00:03:22.080 The toughest part about this was managing libxml2's memory management. Its model for handling nodes within a document was quite complex, and I spent about two months fixing segmentation faults and managing how memory was dealt with. The key tools I used for debugging were Valgrind, which captures invalid memory access, and Perftools.rb, a Ruby version of Google's performance tools.

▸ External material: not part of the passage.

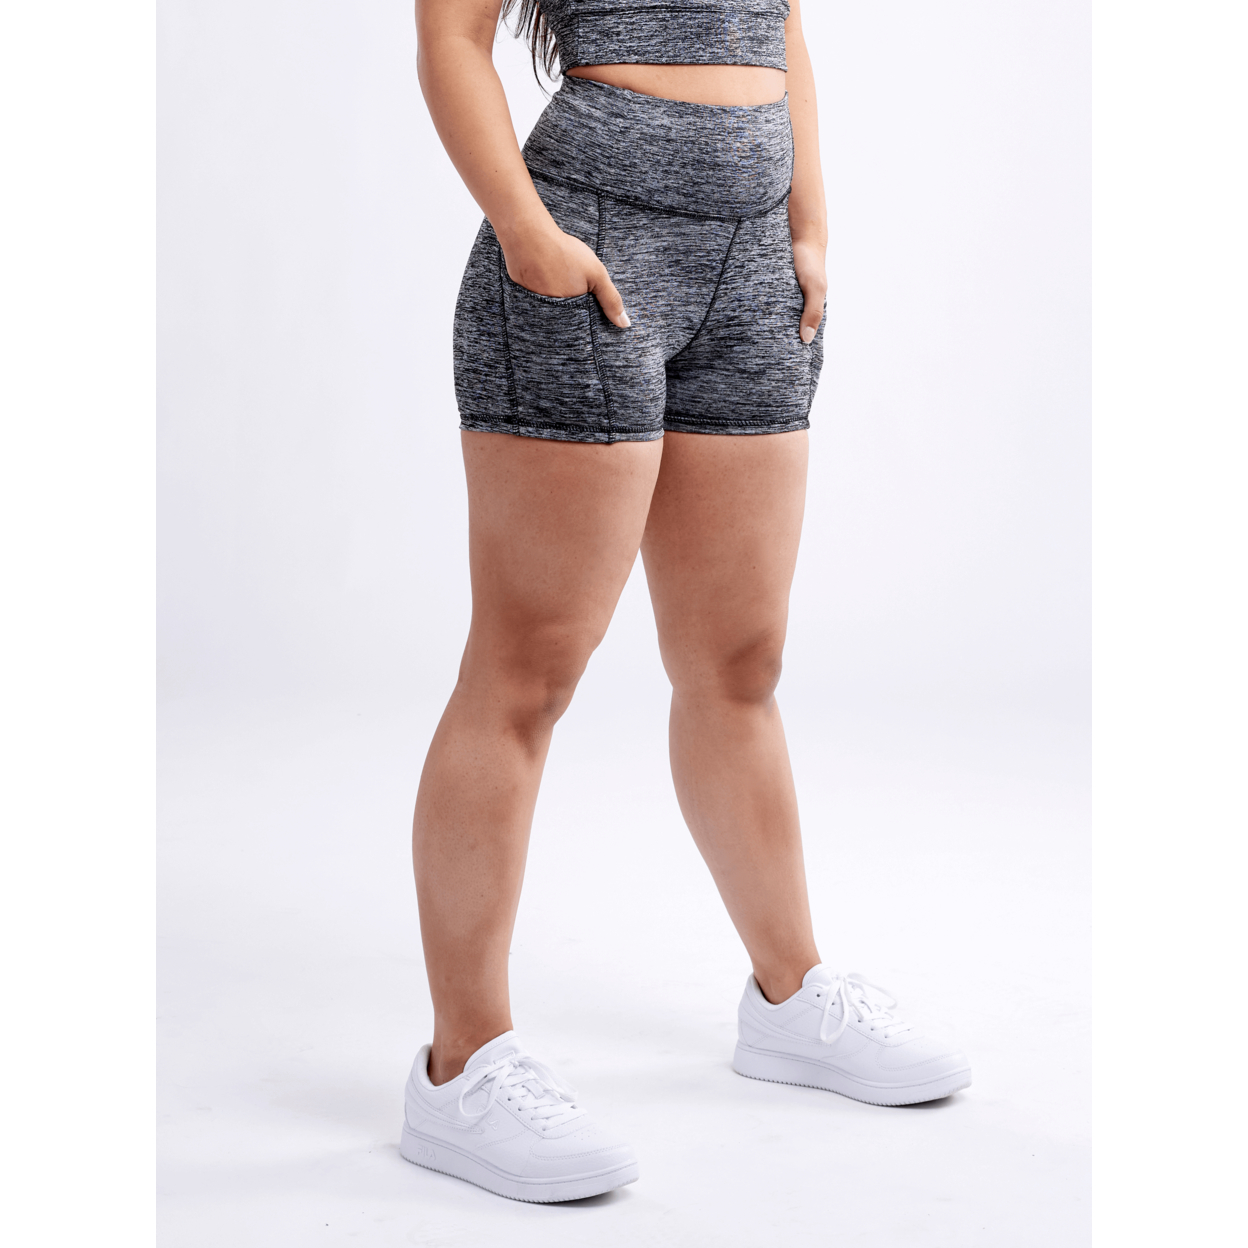 High-Waisted Athletic Shorts With Side Pockets - Grey, Small / Medium

00:04:08.080 As for the API design of Nokogiri, we aimed to take the best XML API we could find, which was Hpricot. Those who remember Hpricot will recall that it was a lovely gem that provided a great API for handling XML, although it had its share of bugs, including off-by-one errors. It wasn't as fast or portable as I wanted it to be, which led us to create Nokogiri.
00:04:41.200 The first official release of Nokogiri was in November 2008, coinciding with the weekend of Daylight Saving Time. I was quite busy at work, so Aaron released it anyway. Interestingly, in January 2009, we had reached a point where we were evenly split between Ruby and C in our gem. We started out building a pure Ruby gem, but by then, it was about half Ruby and half C.
00:05:03.040 You may wonder how the community accepted Nokogiri initially, especially since Hpricot was so well-loved. There were performance metrics circulating that indicated Hpricot was significantly slower than regular expressions, leading to heated debates among developers about the speed of XML parsing libraries.
00:05:21.120 In August 2009, a notable tweet circulated suggesting that there was a superior alternative to Hpricot which, at the time, felt bittersweet as it marked the essence of software development—constantly advancing the art and improving speeds. However, I felt a sense of sadness knowing that progressed software might replace older works.
00:06:17.040 Let's briefly discuss JRuby, which started gaining popularity around 2009-2010. Raise your hand if you use JRuby in production right now. It seems like a decent number of you, but the challenge was that JRuby didn't support C extensions. This limitation meant that anyone using JRuby could not use Nokogiri.
00:06:27.680 At that time, I had a dream of creating a gem that could run on MRI, Rubinius, and JRuby without modification. This marked my 'FFI phase.' FFI, or Foreign Function Interface, is similar to dl but is a pure Ruby library for accessing native code, optimized for performance.
00:06:55.520 Anyway, I spent a substantial part of 2009 rewriting C code in Ruby. This process was extremely painful—over 3000 lines of Ruby code were required to replicate 4000 lines of C code. It was essentially a one-to-one comparison; if this returned null, then that returned one, etc. Rewriting the C code in Ruby was an arduous task.
00:07:35.680 On the positive side, it actually worked; FFI functioned across various platforms. However, I dubbed this process 'segfault-driven development.' Each attempt would yield crashes necessitating using a debugger and Valgrind to resolve issues. Implementing portable string handling proved particularly challenging due to the significant differences in how the JVM manages strings.
00:08:21.920 As a result, FFI code isn't necessarily cleaner than C; it resembles C code transposed into Ruby. The performance penalties were significant as well, and I faced criticism at conferences from people concerned about Google App Engine's lack of FFI support.
00:09:07.440 Ultimately, I decided to abandon FFI. If you are considering using FFI for your gems to support multiple platforms, pay close attention to how you maintain them as the path can be fraught with difficulties.
00:09:25.600 The story quickly moved to installing Nokogiri. Many of you may have experienced installation problems; raise your hand if you have. Great! I have a fantastic announcement: These problems are about to become a thing of the past.
00:09:47.440 We are set to release Nokogiri 1.6.0 today, which will package libxml2 and libxslt inside the gem. It will compile and install those libraries automatically when you install the gem, eliminating installation issues once and for all.